Work instruction => Locate the line that contains "El Festival Iberoamericano" in the entries below, then repeat it and every following line through the line that contains "为泵持续赋能 江苏凯泉多系列产品矩阵已形成——江苏凯泉亮相2020广东国际水展", exactly, and no others.

Records provided =>
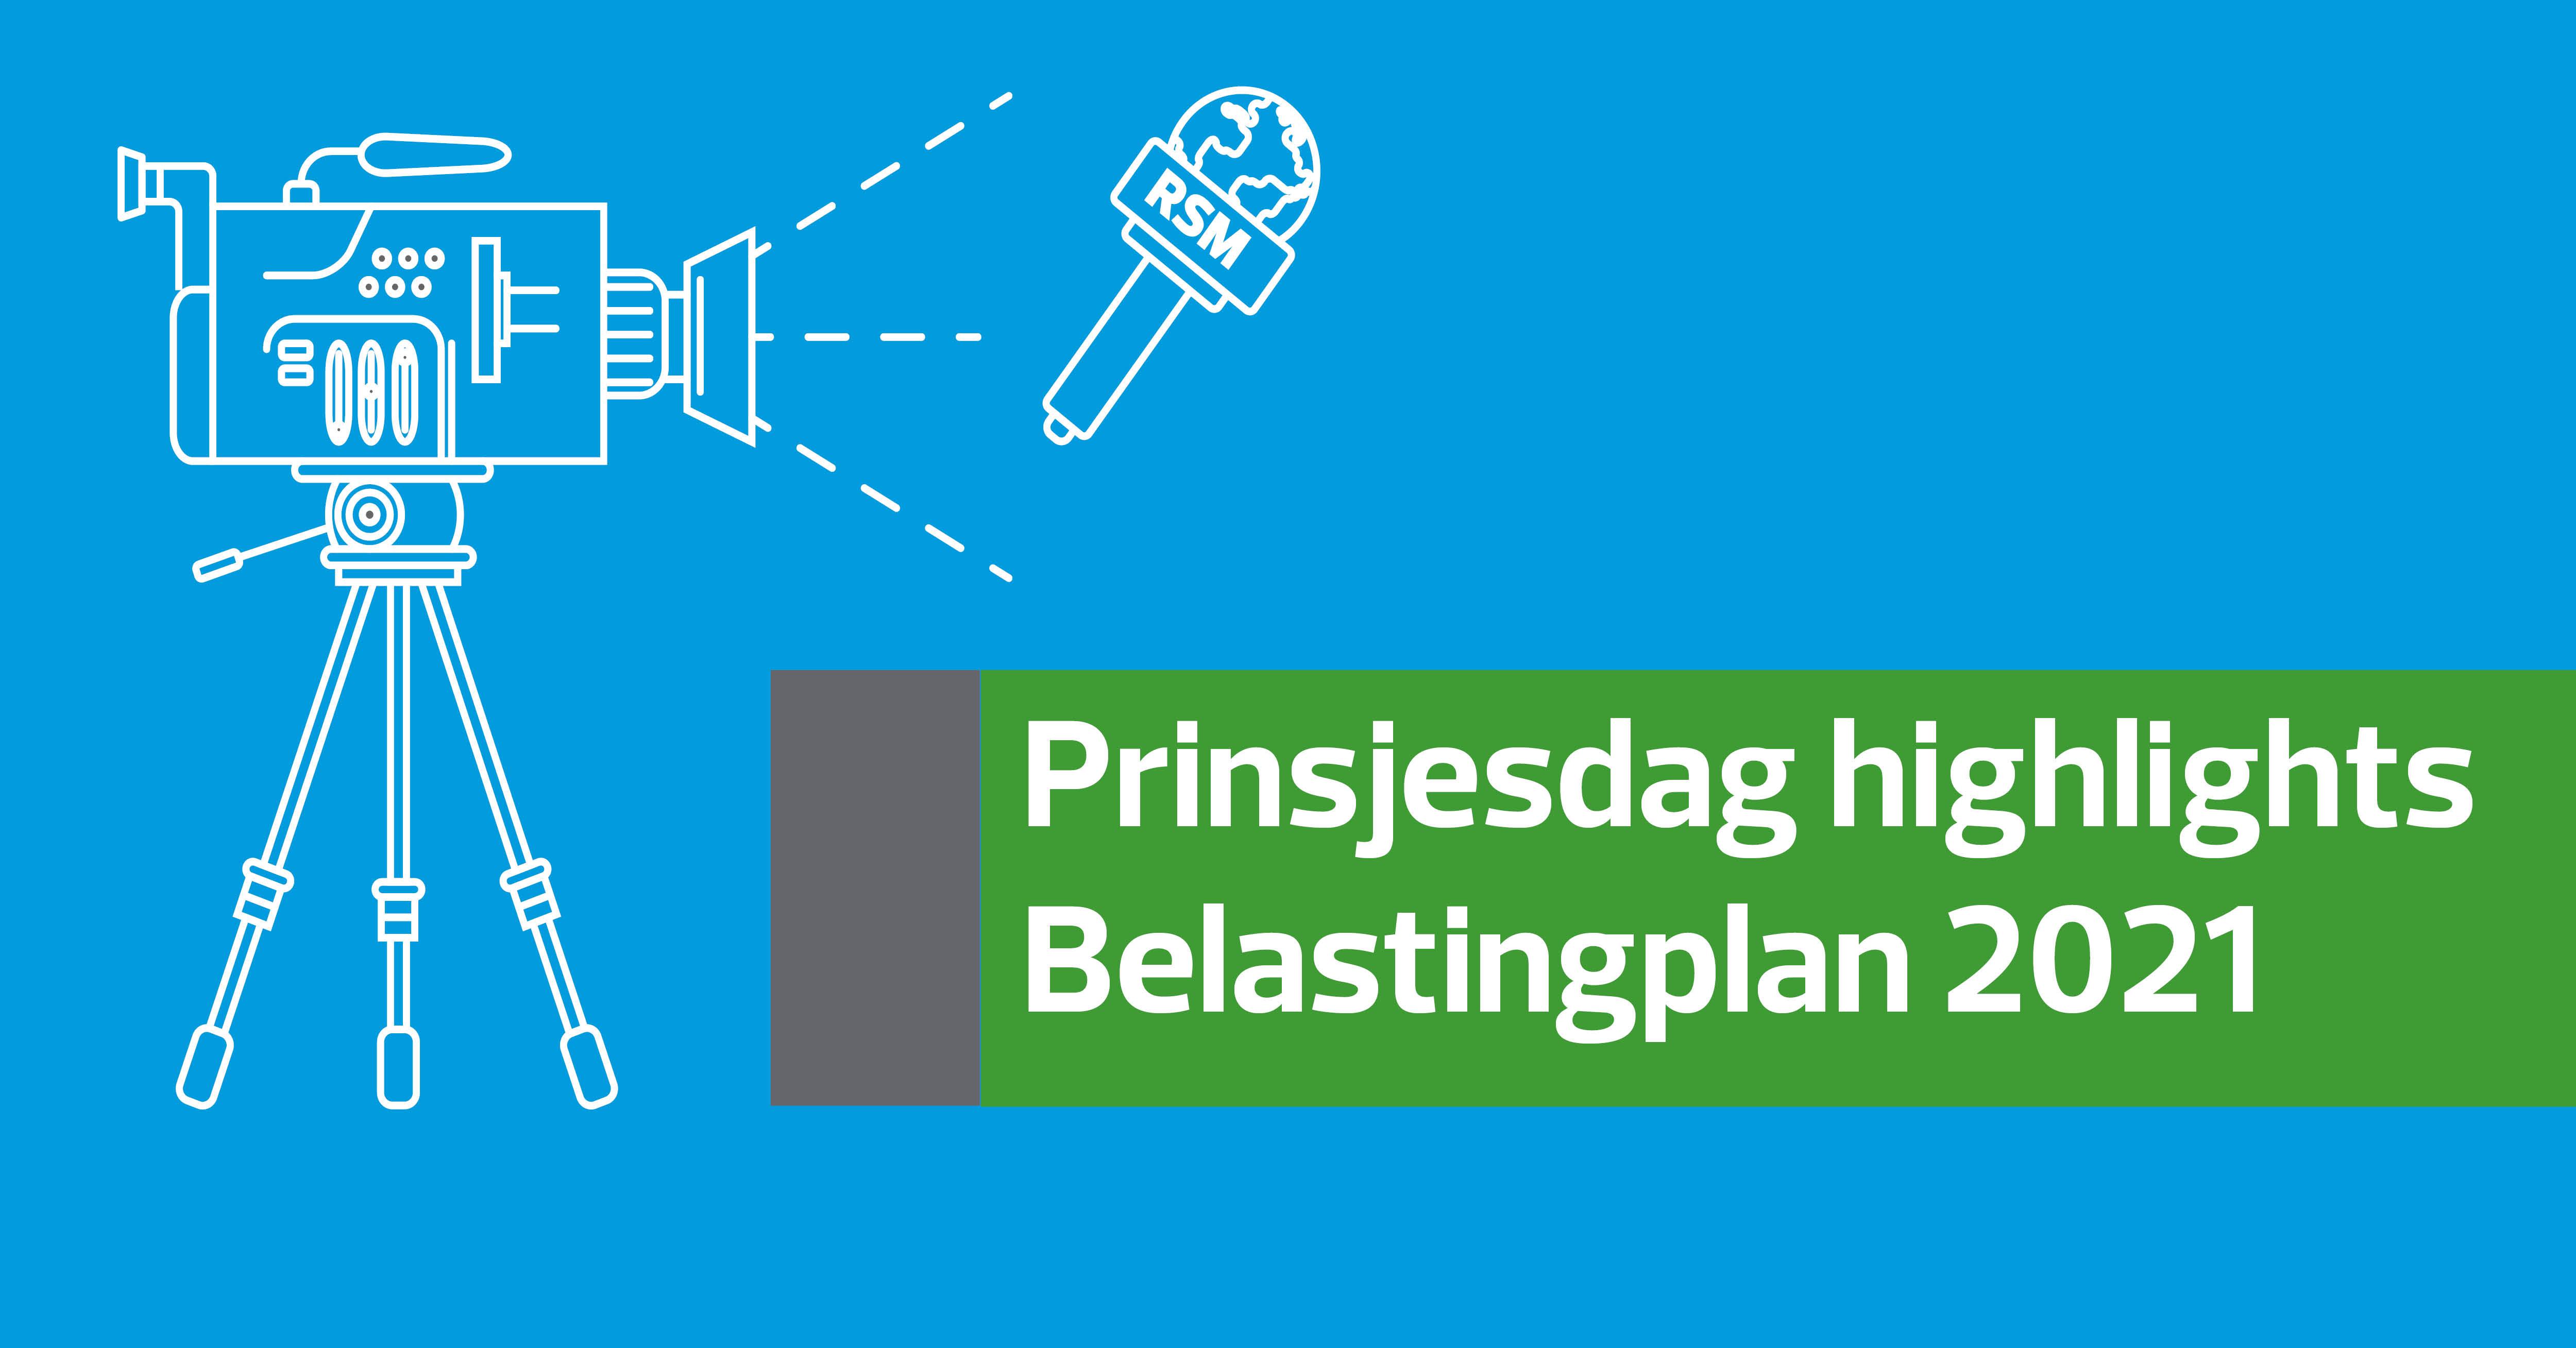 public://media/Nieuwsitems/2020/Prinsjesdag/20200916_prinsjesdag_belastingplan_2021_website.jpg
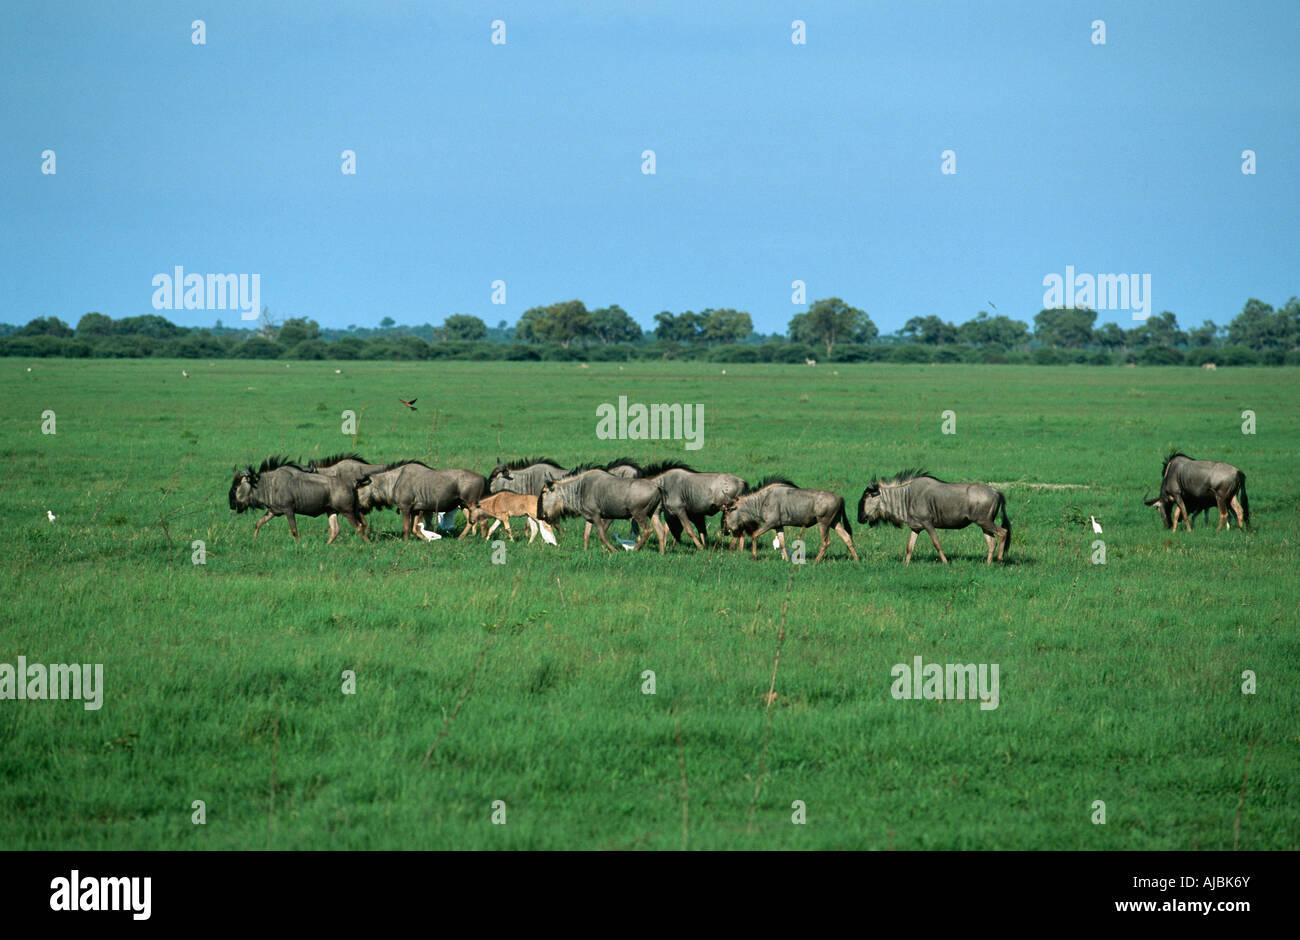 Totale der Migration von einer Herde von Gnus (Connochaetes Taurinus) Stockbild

---

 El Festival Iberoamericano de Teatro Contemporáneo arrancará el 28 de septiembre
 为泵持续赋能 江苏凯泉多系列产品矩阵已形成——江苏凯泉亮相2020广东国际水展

Finished exercise =>
 El Festival Iberoamericano de Teatro Contemporáneo arrancará el 28 de septiembre
 为泵持续赋能 江苏凯泉多系列产品矩阵已形成——江苏凯泉亮相2020广东国际水展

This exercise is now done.